Today’s labour market figures are a double-edged sword.
Wages are rising at a record pace and are on the cusp of outpacing inflation.
It means our dwelling requirements are now not taking the battering they as soon as had been.
That ought to give odd households one thing to have a good time however it should trigger consternation on the Bank of England.
Policymakers have been holding a detailed eye on wage development as a result of they concern that strong pay rises may gas inflation.
It means they’re much more prone to increase rates of interest once more on the subsequent financial coverage committee assembly on 21 September.
The Bank is prone to increase charges from 5.25% to five.5% in September however extra fee rises will most likely observe.
Financial markets now anticipate the bottom fee to peak at 6% – up from 5.75% final week.
That’s dangerous news for anybody rolling off a hard and fast fee mortgage or sitting on a variable or tracker deal.
Renters are also likely to feel the pain as landlords attempt to cross on greater mortgage prices.
The Bank has raised rates of interest for 14 consecutive times and the complete influence of these fee rises continues to be working its method by way of the economic system.
It’s a troublesome name for policymakers as a result of although wages are nonetheless rising robustly (helped partially by the large one-off pay rise to thousands and thousands of NHS staff) there are indicators that the economic system is weakening.
The inflation fee is falling, and figures launched tomorrow will doubtless present that it fell once more in June – from 7.9% to six.8%.

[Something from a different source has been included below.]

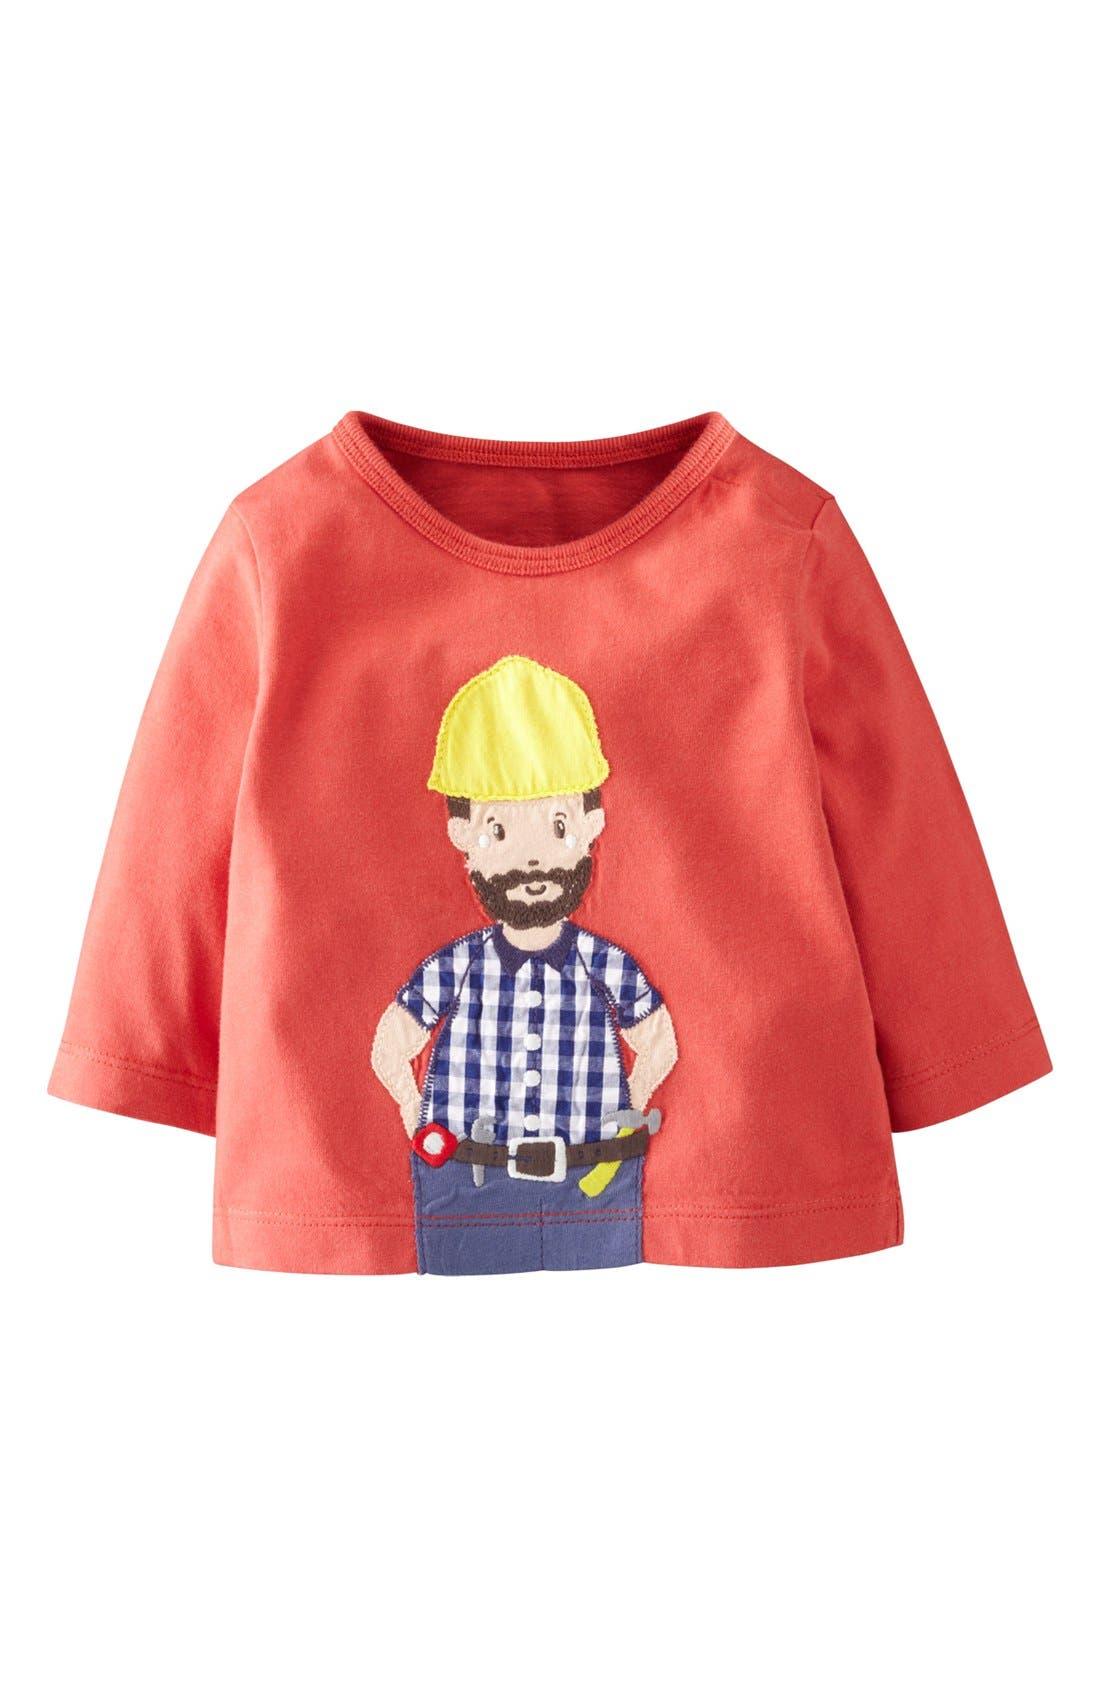 Main Image - Mini Boden 'When I Grow Up' Long Sleeve T-Shirt (Baby Boys)

This continues to be significantly above the Bank’s 2% goal, however it’s shifting in the fitting route.
Rising rates of interest are additionally taking their toll on the roles market – the unemployment fee jumped from 4% to 4.2%. So, there are many indicators that financial tightening is taking some steam out of the UK economic system.
Members of the Monetary Policy Committee must weigh up all the information and make a judgement concerning the pattern that wages, unemployment and inflation are prone to observe over the approaching months.
Not solely is inflation anticipated to drop quickly however so is wage development.
Samuel Tombs, economist at Pantheon Macroeconomics, mentioned: “It usually takes time for changes in labour market tightness to feed through to wage growth, and several survey indicators now point to slowing wage increases.”
However, he added: “The momentum in wage growth still is too strong for the committee to take a break just yet.”